■ Recorded data ■
Segment Open

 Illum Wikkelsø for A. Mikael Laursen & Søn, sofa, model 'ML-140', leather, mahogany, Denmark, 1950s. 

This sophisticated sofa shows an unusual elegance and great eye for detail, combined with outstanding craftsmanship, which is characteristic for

Segment Closed
Segment Open

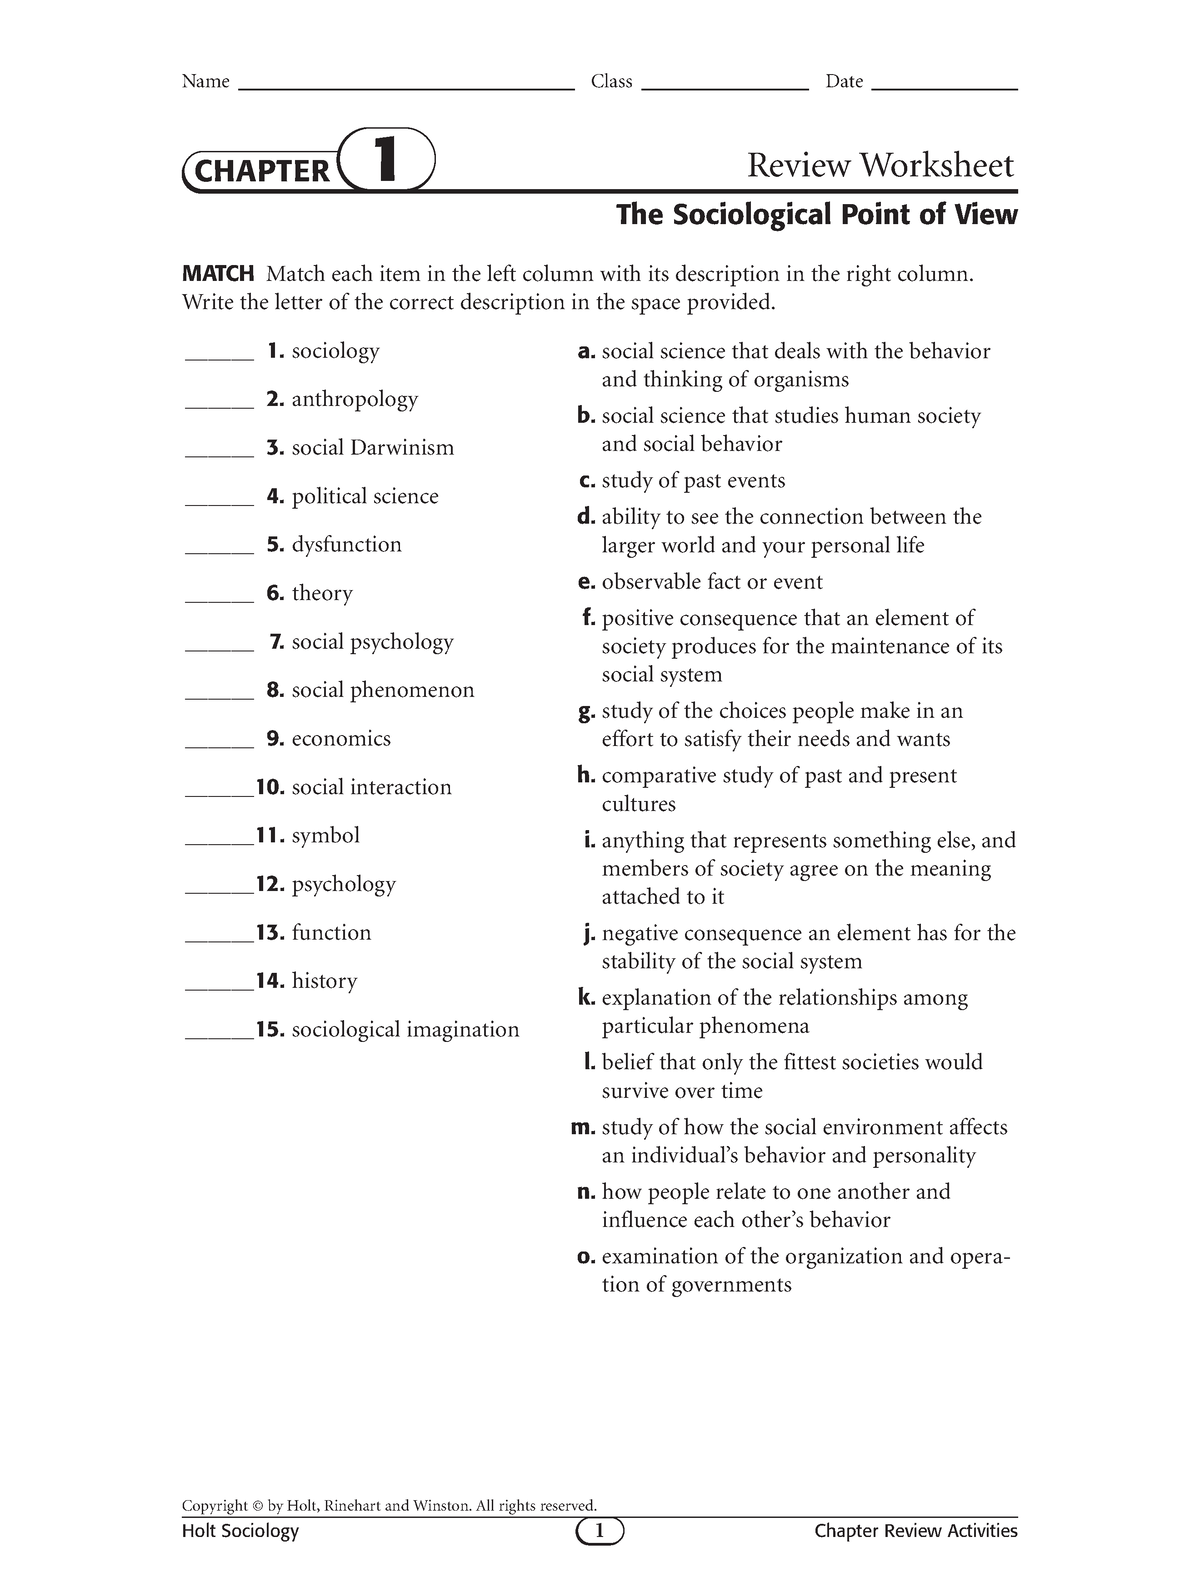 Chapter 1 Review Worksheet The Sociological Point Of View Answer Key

Segment Closed

■ Exercise instructions ■
Reproduce, character for character, only the lines of the preceding data that start at the line with "Illum Wikkelsø for" and end at the line with "This sophisticated sofa", both included.

■ Exercise result ■
 Illum Wikkelsø for A. Mikael Laursen & Søn, sofa, model 'ML-140', leather, mahogany, Denmark, 1950s. 

This sophisticated sofa shows an unusual elegance and great eye for detail, combined with outstanding craftsmanship, which is characteristic for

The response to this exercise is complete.